Иногда доходило до серьезных инцидентов. Случалось, что Кадидья вступала с одним из своих юных почитателей в серьезную боксерскую схватку, не принимая во внимание при этом мебель и нервы присутствующих дам. Питала отвращение к потасовкам прежде всего Сибиль Ван, капризная, каковой она и была. «Я прошу тебя, Кадидья! — И она изящно заламывала руки. — У тебя что, нет детской комнаты? В конце концов, ты же юная девушка, из хорошего дома…»
Что касается фрау Тилли, то ее не так-то легко было вывести из терпения; средь шума она всегда сохраняла мечтательно-ясное самообладание. Правда, бывали дни или целые недели, в течение которых она вообще не показывалась.
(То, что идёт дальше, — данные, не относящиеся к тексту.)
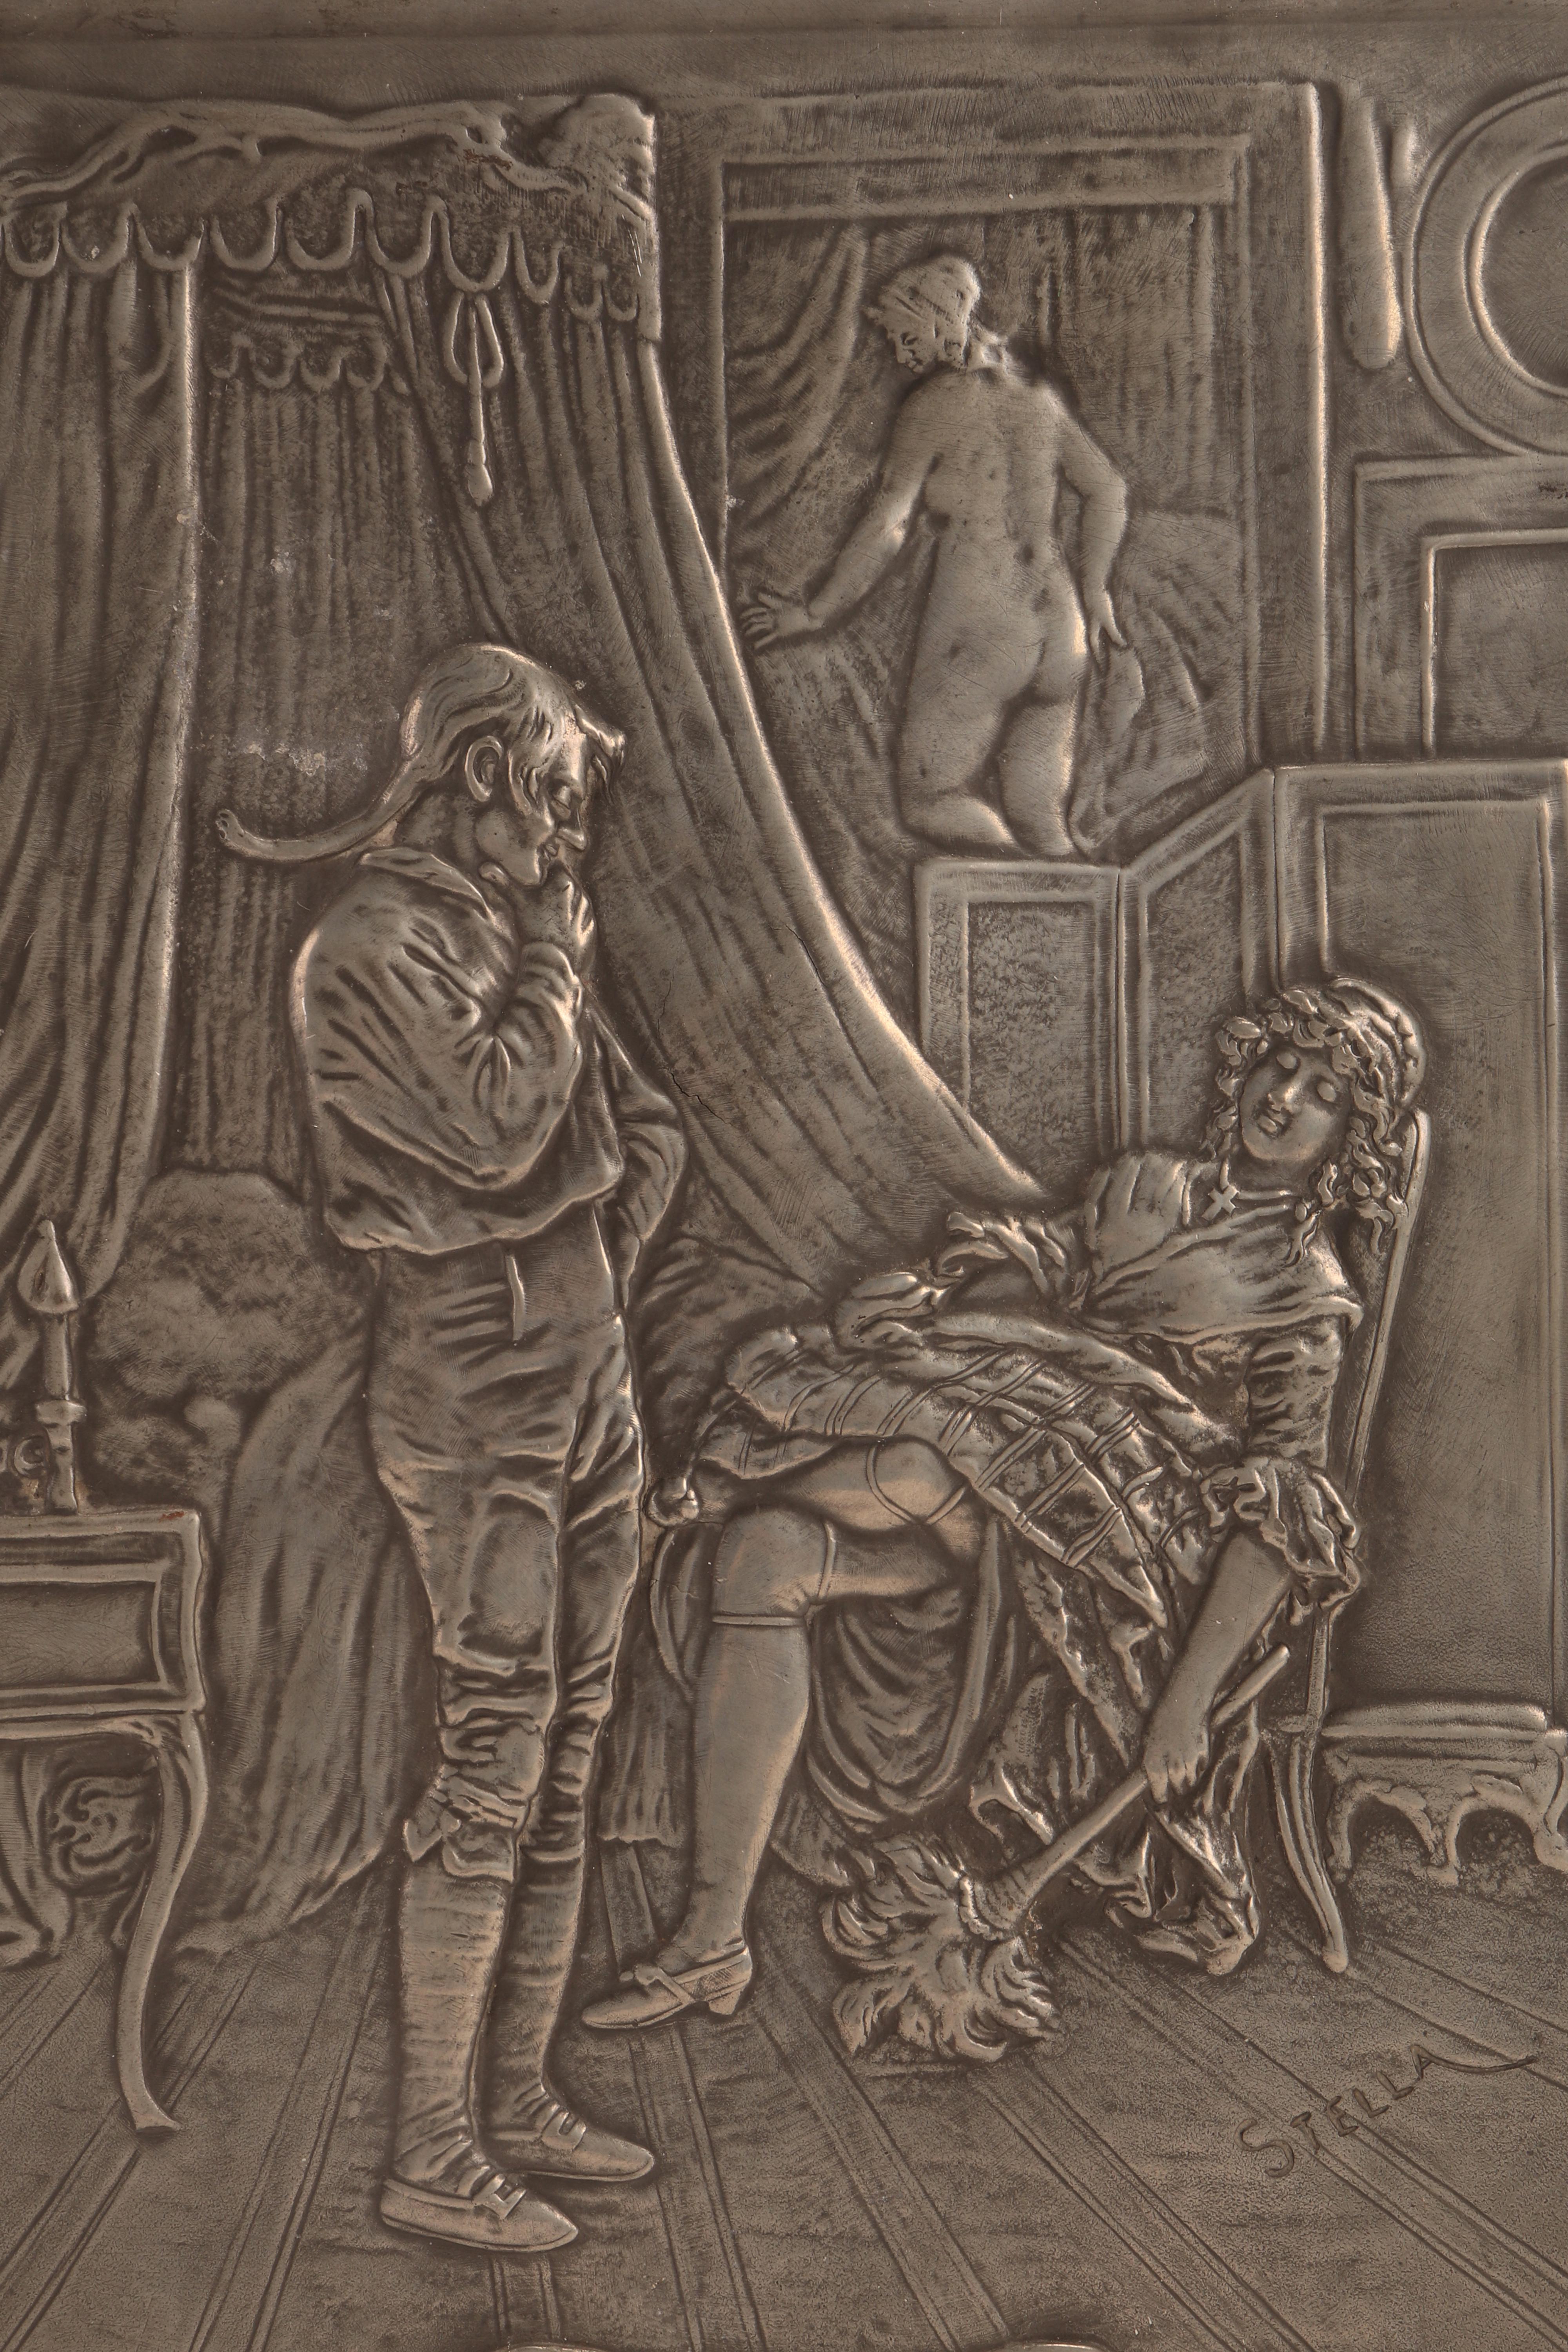 Erotic cast pewter plaque: A good surprise. In the bedroom with a bourgeois interior, the master of the house surprises the maid asleep, feather duster in hand and petticoat up. By Etienne Alexandre Stella (1850-1892).

Ее неустойчивый нрав знал периоды депрессии и помрачения, которые повторялись с определенной регулярностью и на время делали для нее невозможным всякое общение с людьми. Страдалица пряталась в своей затемненной комнате или в деревне, в санатории, чтобы в полном уединении выждать конца наказания.
У Памелы также происходило подобное, разве что в ее случае недуг проявлялся более резко и гораздо скорее проходил. Только что она искрилась и напевала, как вдруг закрывала лицо руками и начинала сотрясаться от внезапного истерического плача. К ней лезли с утешающими уговорами и озабоченными вопросами. Но она не говорила, что было причиной ее расстройства, лишь стонала, как при физическом страдании. Наконец сквозь конвульсивные всхлипывания ей удавалось произнести несколько слов. «Это из-за папы, — лепетала она. — Ведь он мертв… А мы смеемся здесь, в его рабочей комнате… Я не выдержу этого… это сведет меня с ума… что он мертв…» — И она снова закрывала обеими руками свое залитое слезами лицо; десять растопыренных пальцев вздрагивали перед ее лицом, словно красный, жутко оживший веер.
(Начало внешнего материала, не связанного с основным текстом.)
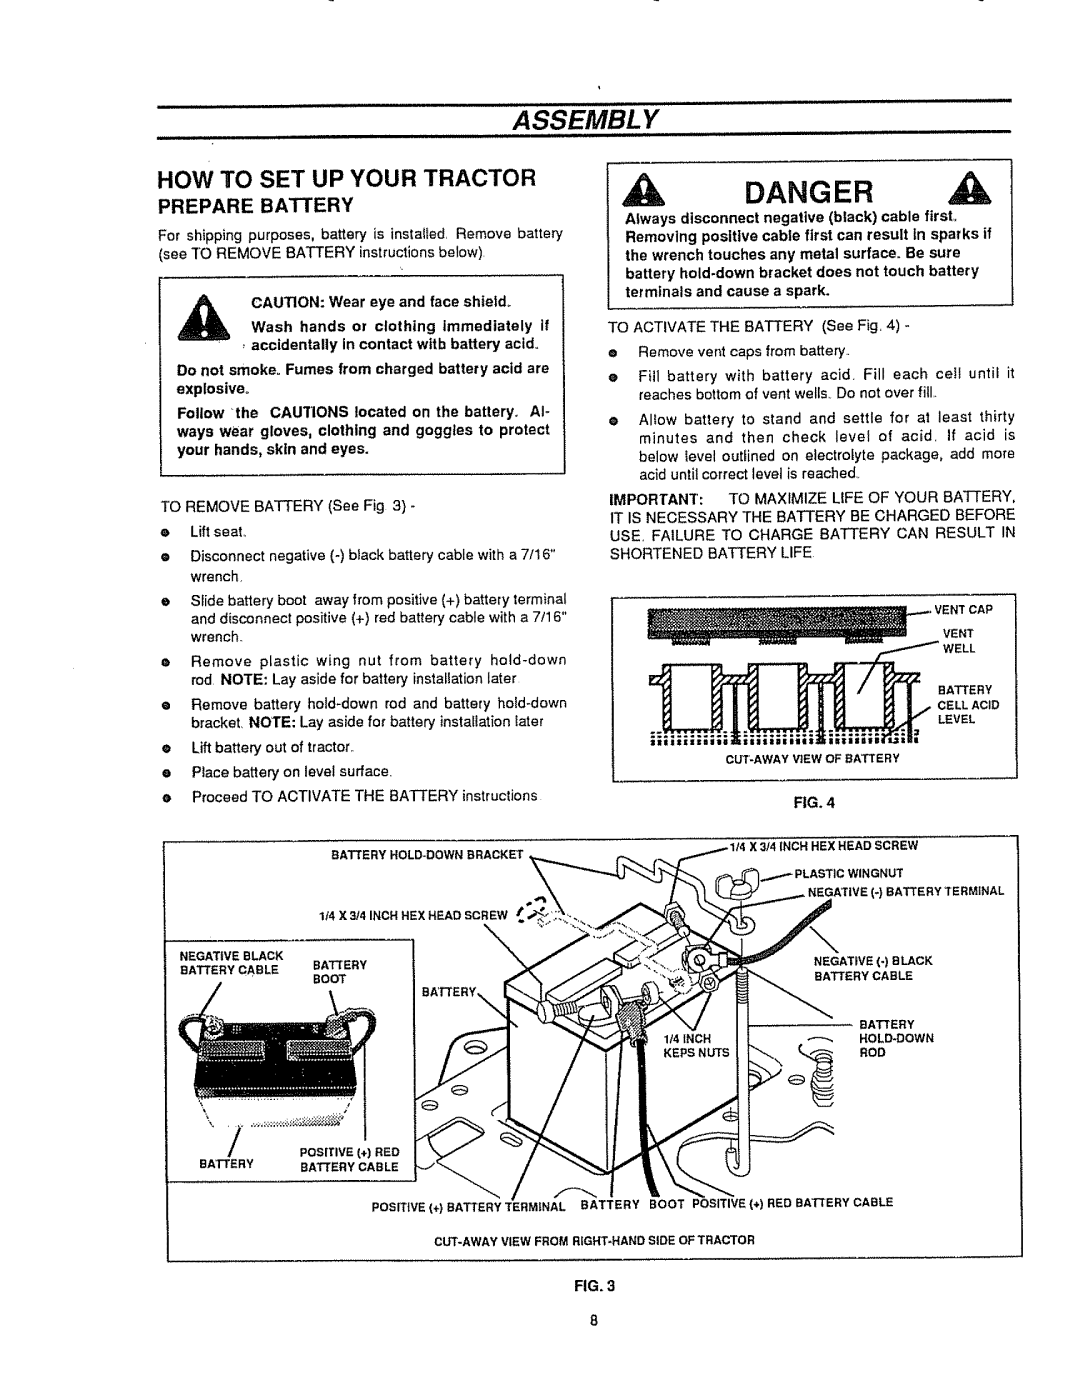 Sears 536.25587 owner manual Danger, Assembly, How To Set Up Your Tractor, Prepare Battery

Именно в момент такой вспышки мне впервые бросилось в глаза странное строение ее рук. До этого я никогда не смел критически разглядывать какую-либо деталь ее внешности, запуганный и очарованный ее артистической бравадой и самоуверенностью. Но вот теперь я заметил неуклюжую форму ее руки. Да, это была рука Франка Ведекинда, тяжелая, неловкая, — трагически грубая рука скоморохов и философов, священнодействующих колдунов и бурлескных проповедников, которых он вызывал заклинаниями в своем творчестве и сам воплощал на сцене. Значит, унаследовала дочь эти трогательные, ужасные руки, которые всегда выглядели, как если бы они были изранены и липки от крови и словно они причиняли боль.
Я видел ее руки и ее слезы, проступавшие между ее пальцами, и видел ее вздрагивающие плечи и склоненный затылок. Ее гордый, смелый затылок, теперь я видел его согбенным.
Я спросил ее: «Хочешь выйти за меня замуж?»
Мы были совсем ровесники, Памела и я, — ровно восемнадцать, ко времени нашей помолвки.
«Был бы ты ну хоть чуточку постарше! — сетовал мой отец. — Ты слишком юн, вот несчастье!» А бедная Милейн вздыхала: «Что нам теперь с тобой делать?»
Я только что прервал свои занятия с профессором Гейстом, просто улегшись в постель и известив семью, что нахожусь в разгаре тяжелого психического кризиса. Пассивное сопротивление в большинстве случаев ведет к цели. Я избавился от докучливого Гейста и мог чувствовать себя свободным человеком.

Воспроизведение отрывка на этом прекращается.